Lately Evie has just been on a drawing tear. It’s like she’s bound and determined to go through a ream of paper, churning out pages by the second. On the plus side, there are few uses of paper that are more appropriate (it certainly beats printing out directions or something). Not only does it keep her occupied for long stretches, but I can actually see her getting better.

It’s kind of interesting how her drawings of people change over time. They’re still circles with arms and legs, but little details here and there are filling in. They always have hair scribbled on top now. They used to not have any mouths, now they always have big smiles. Sometimes they get scribbles for teeth. She used to always do eyes as dots, but lately there are a few that have “eyeballs” on them. She always draws herself with blue dots for eyes. (“This one is you daddy, he has a red pimple on his nose!” – it was like looking in a mirror) There are other things too, like when she was drawing a “mommy and her little boy”, she drew a big person and a small person. So she’s experimenting with spatial relationships.

She’s also been writing a lot. She’s been able to write her name for a long time, but even that has improved lately, with better E’s and now she’s working on better V’s (she used to draw them with 3 lines, like a squared off U). She’ll get a new letter and work on it for awhile, like drawing entire pages worth of L’s.

She likes to “write” books which are a collection of a couple of pages of drawing, or write letters, which are pages and pages of letters repeated in a random order. The other day she was writing letters to her friends and putting them into a basket in Oliver’s room, which was the mailbox.

The only thing is that she doesn’t hold the crayon the way you should hold a pencil. Don’t mention it to her though! She gets very frustrated. She just wants to do her drawings or write her words, and not be bothered by holding the crayon any certain way. It’s not really a big deal, I just hate for her to learn how to draw all these letters, and then have to learn it again a new way later. However, for the moment, she just wants room (and paper) to draw. And I am happy to give it to her!

Monster

Evie has just been turning into a monster lately. She gets this look in her eyes, and you just know she is looking for trouble. She goes from one thing to another so fast, that you haven’t even finished telling her not to do something, when she’s already doing something else naughty.
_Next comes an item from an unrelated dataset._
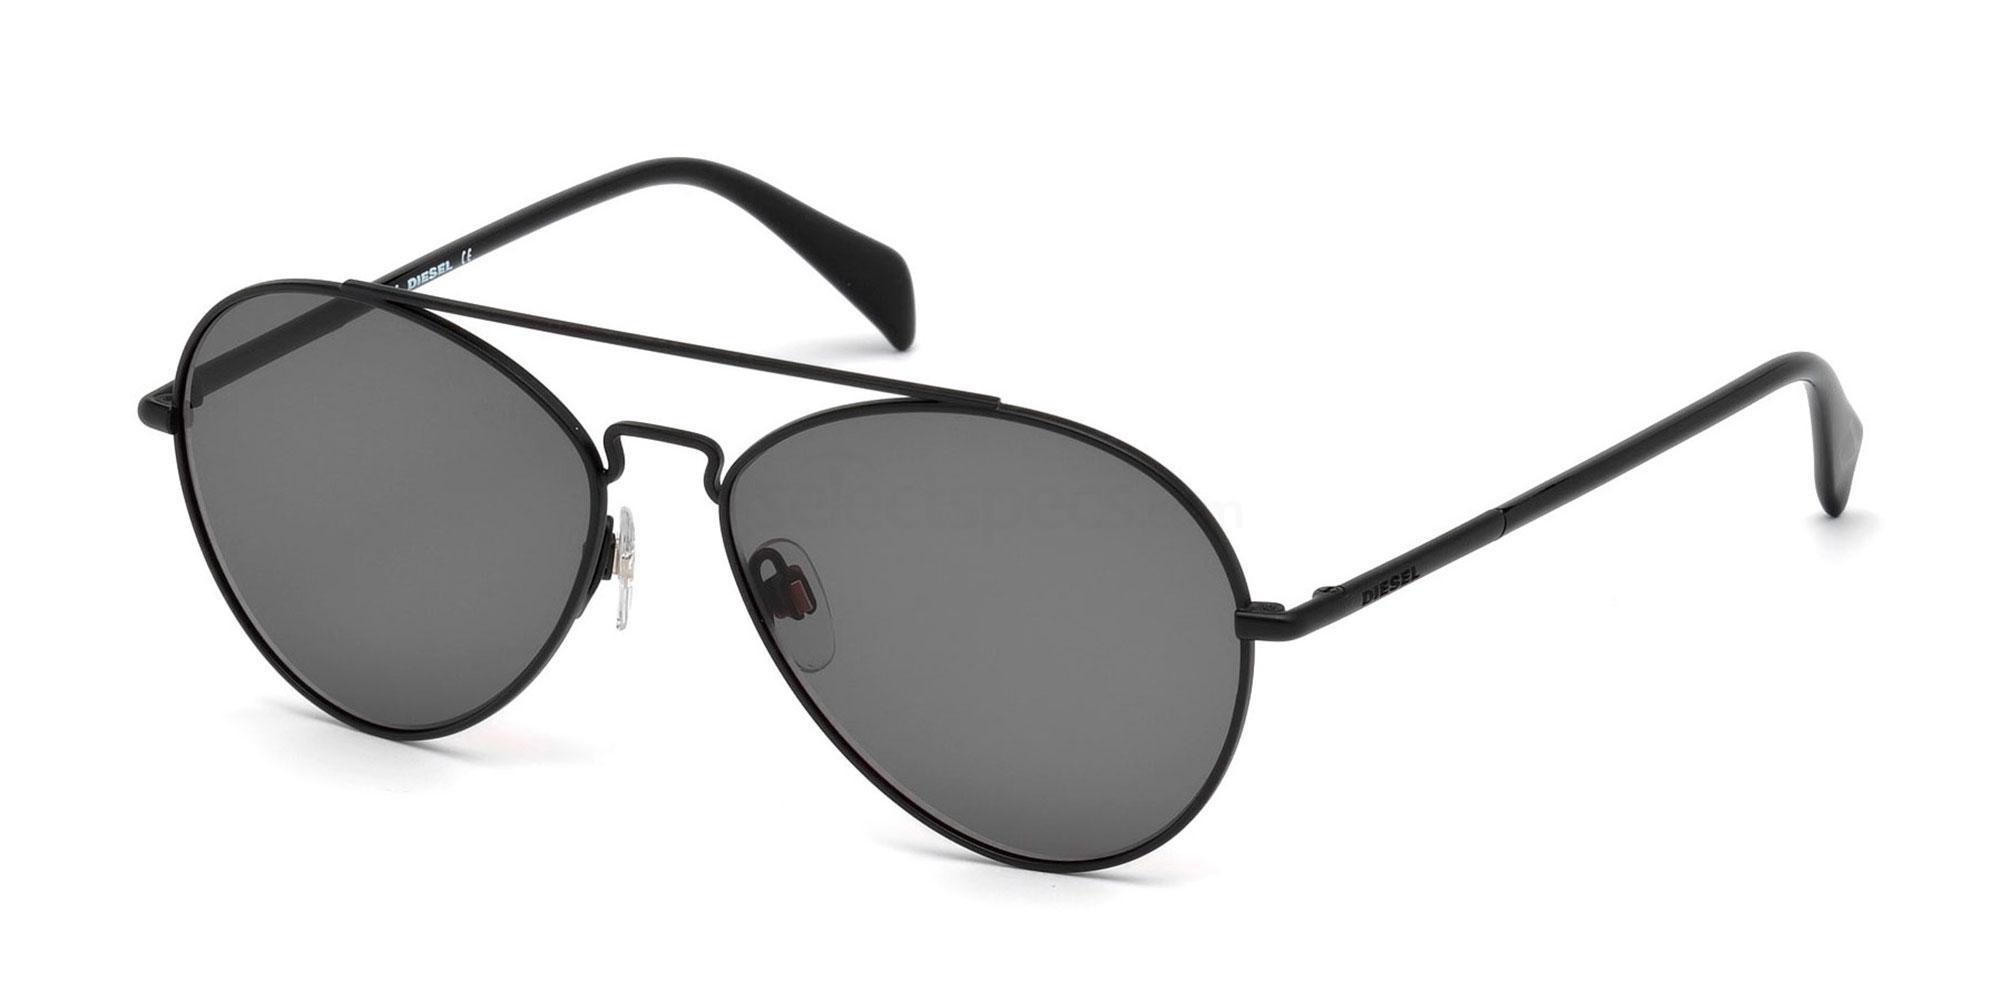 02A DL0193 Sunglasses, Diesel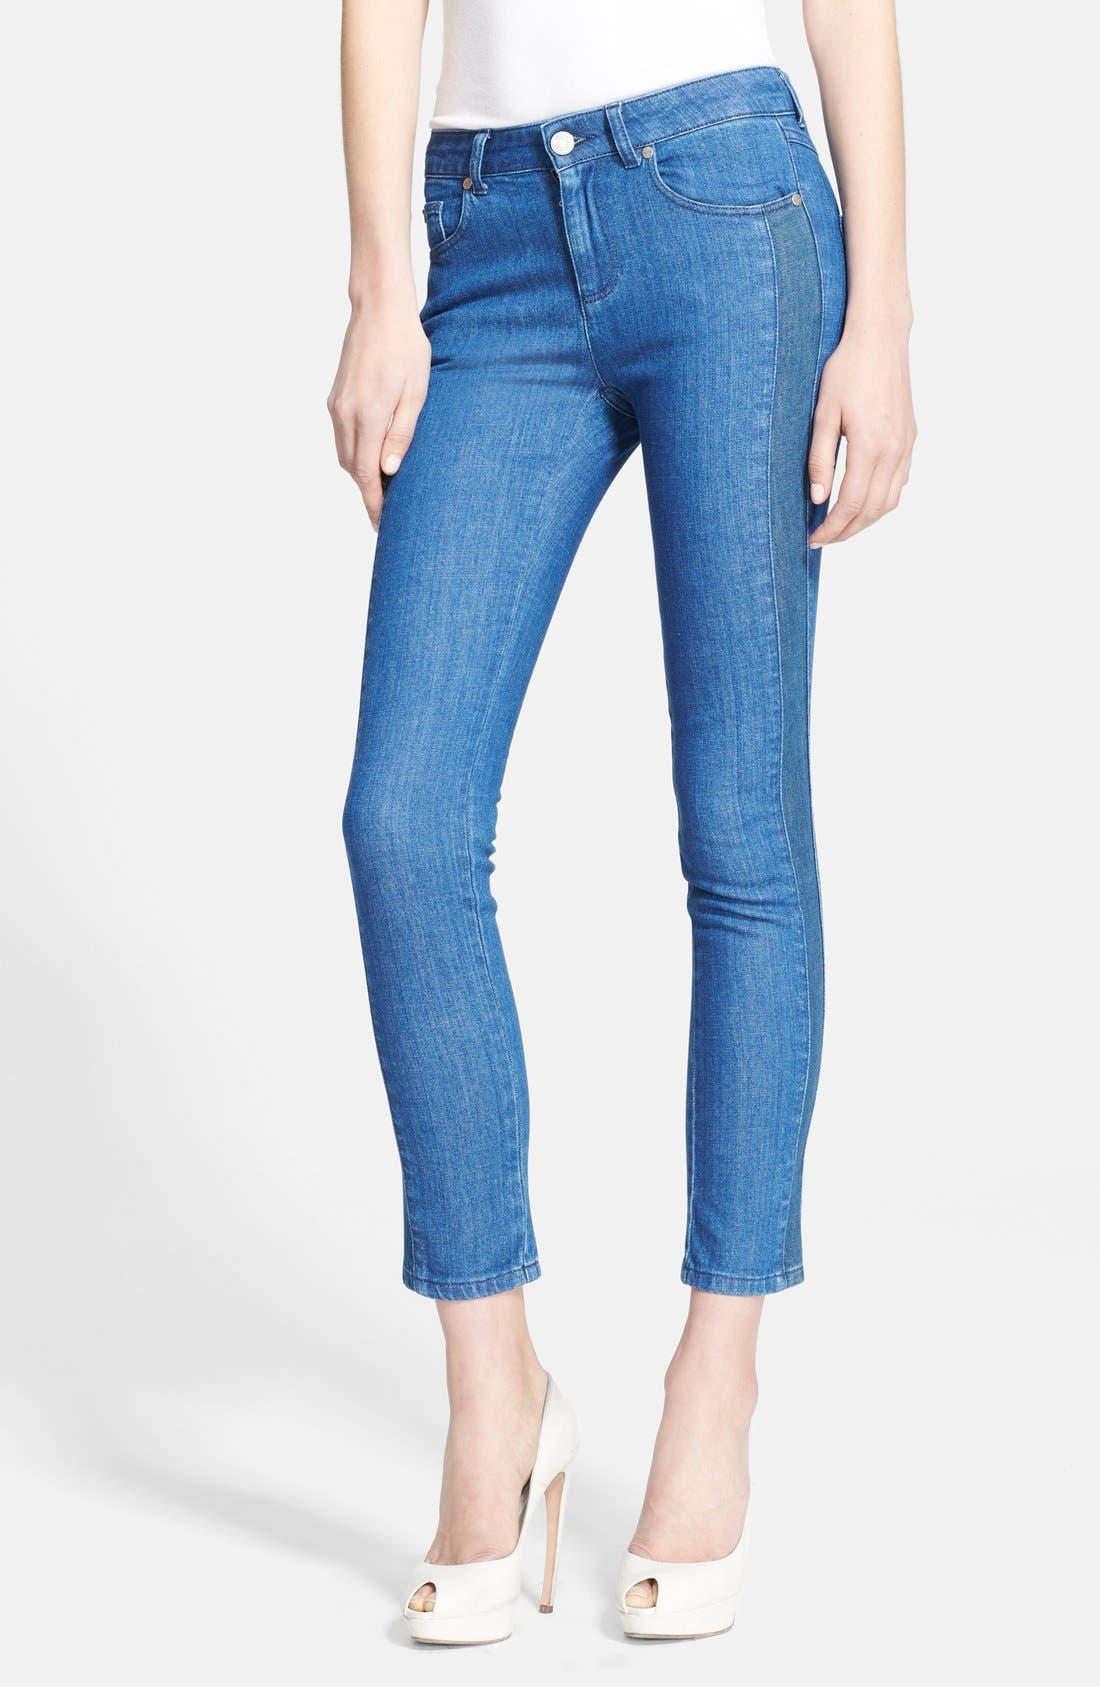 Alternate Image 1 Selected - Alexander McQueen Tuxedo Stripe Crop Skinny Jeans

It’s just so weird to see how she is so actively looking to be naughty. I’m not worried about it, I know it’s just a phase. Probably some combination of tiredness from not taking naps, just the age she’s at (the terrible 3’s?), and attention seeking due to all the changes going on, especially starting school. But it sure makes for a frustrating day! By the time she goes to bed, we’re exhausted.

Speaking of a turnabout, the other day we were at the 57th St. Children’s Book Festival, and there were costumed characters there. In the past, Evie has been terrified of such things. This time, however, Evie saw a character she couldn’t resist: Martha from Martha Speaks of all things.


We’ve read some of the books and she’s apparently seen it on T.V. (though I haven’t), but this is far from one of her favorite things. I wouldn’t have even recognized Martha, but Evie did and ran right over to stand next to her. She wouldn’t get that close, but far closer than she had ever been to a costumed character.

After that, it was like the floodgates broke. She proceeded to follow Martha and 3 other costumed characters the entire length of the festival. It was like a parade, with Evie in the rear. Every time they stopped she would sort of mill about with them, and then follow once they started again. Sara and I are in the back of every kid’s picture, since we were forced to follow along behind. When the characters got to the end of the festival and turned around to go back the other way, I literally had to grab Evie and pull her away. She looked and me joyfully and said, “We’re going back the other way!” She seriously thought she was somehow part of the fun with the characters, like she had to do her part.

Better than being scared to death of them I guess.